USDT market capitalization of Tether. Source: Commercial view

However, Greenberg responded to these concerns by stating that the platform intends to maintain support for USDT in Europe. He highlighted the value of USDT for European customers, adding that Kraken was exploring all options to offer USDT under the new regulatory regime. Regarding the MiCA regulations, Greenberg also confirmed that Kraken will comply with all legal requirements, even those with which it may disagree.
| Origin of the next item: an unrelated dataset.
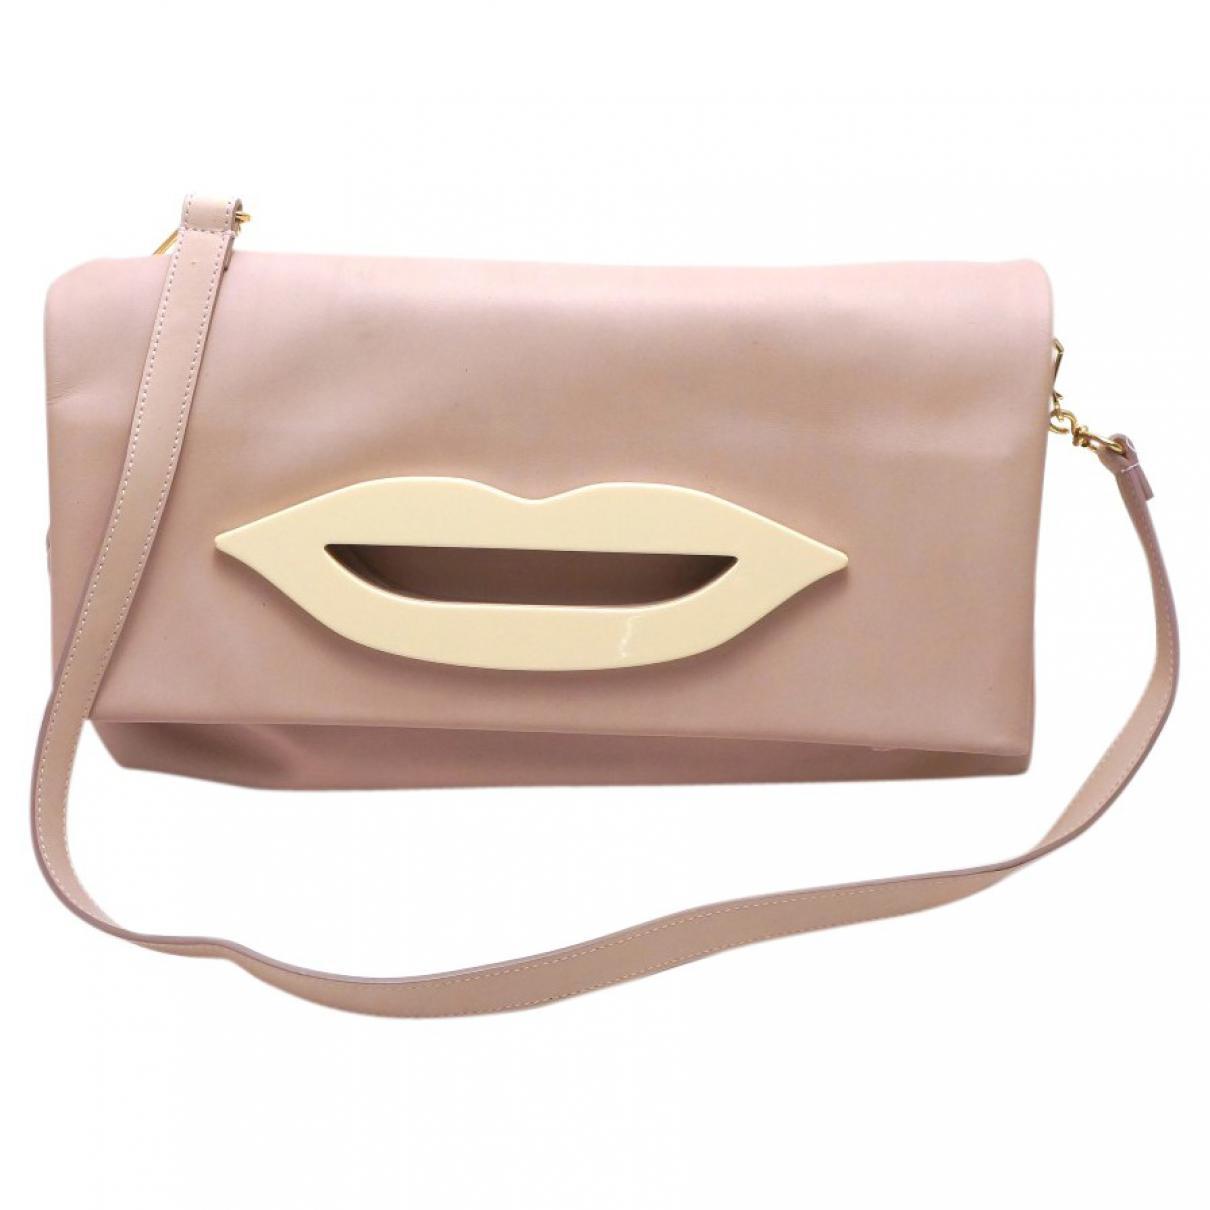 Pre-owned - Wool handbag Sonia Rykiel Caz81Z
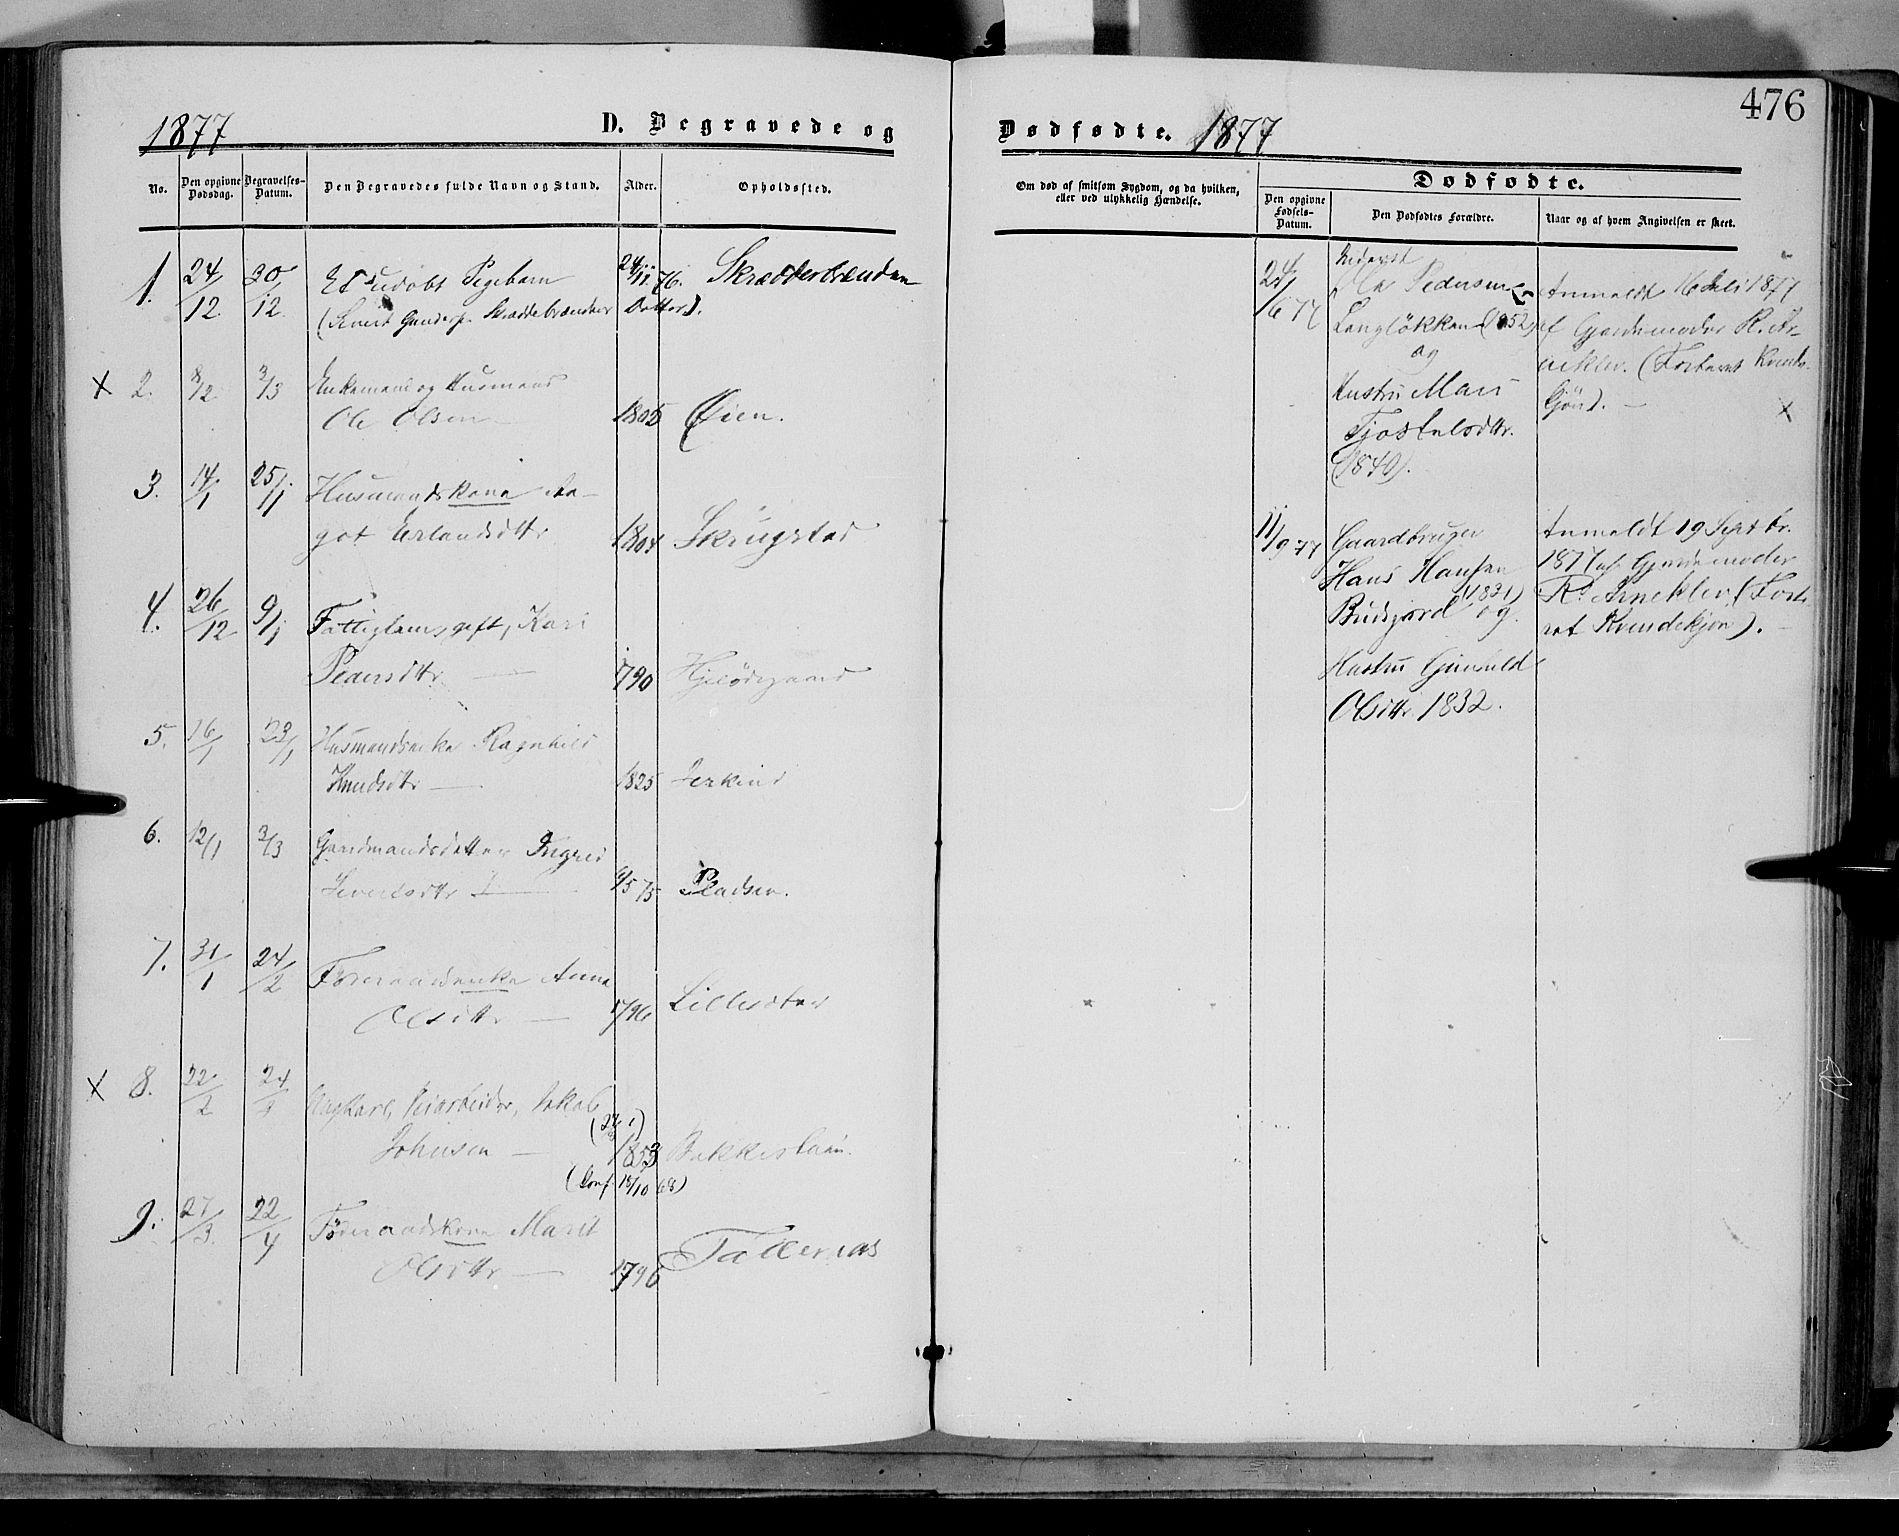 SAH, Dovre prestekontor, Ministerialbok nr. 1, 1854-1878, s. 476

“We know our European customers value access to USDT and we continue to review all options to offer. USDT Under the next regime. We will of course comply with all legal requirements, even those with which we do not agree. But the rules have not yet been finalized and we continue to do everything possible to continue offering all relevant stablecoins to our European customers.

While the crypto community has praised MiCA's regulatory clarity, industry figures like Paolo Ardoino, CEO of Tether, have reservations. Arduino highlighted the need for stablecoin issuers to avoid uninsured cash deposits. Instead, it calls for maintaining 100% Treasury reserves to mitigate the risk of bank failure.

Ardoino cited previous incidents involving banks and stablecoins in the United States as examples of the risks associated with uninsured cash deposits. He emphasized the importance of learning from these events to ensure the stability and security of stablecoins in the future.

Learn more: A Detailed Guide to Buying USDT from Binance P2P

“We should learn from what happened with Silicon Valley Bank and another major stablecoin in the United States. If a bank fails, the uninsured funds should be able to hold 100% of the reserves in Treasury bonds, rather than being exposed to bank failures. while keeping a large portion of reserves in uninsured cash deposits. In the event of bank bankruptcy, the securities revert to their legitimate owner, "He stated Arduino.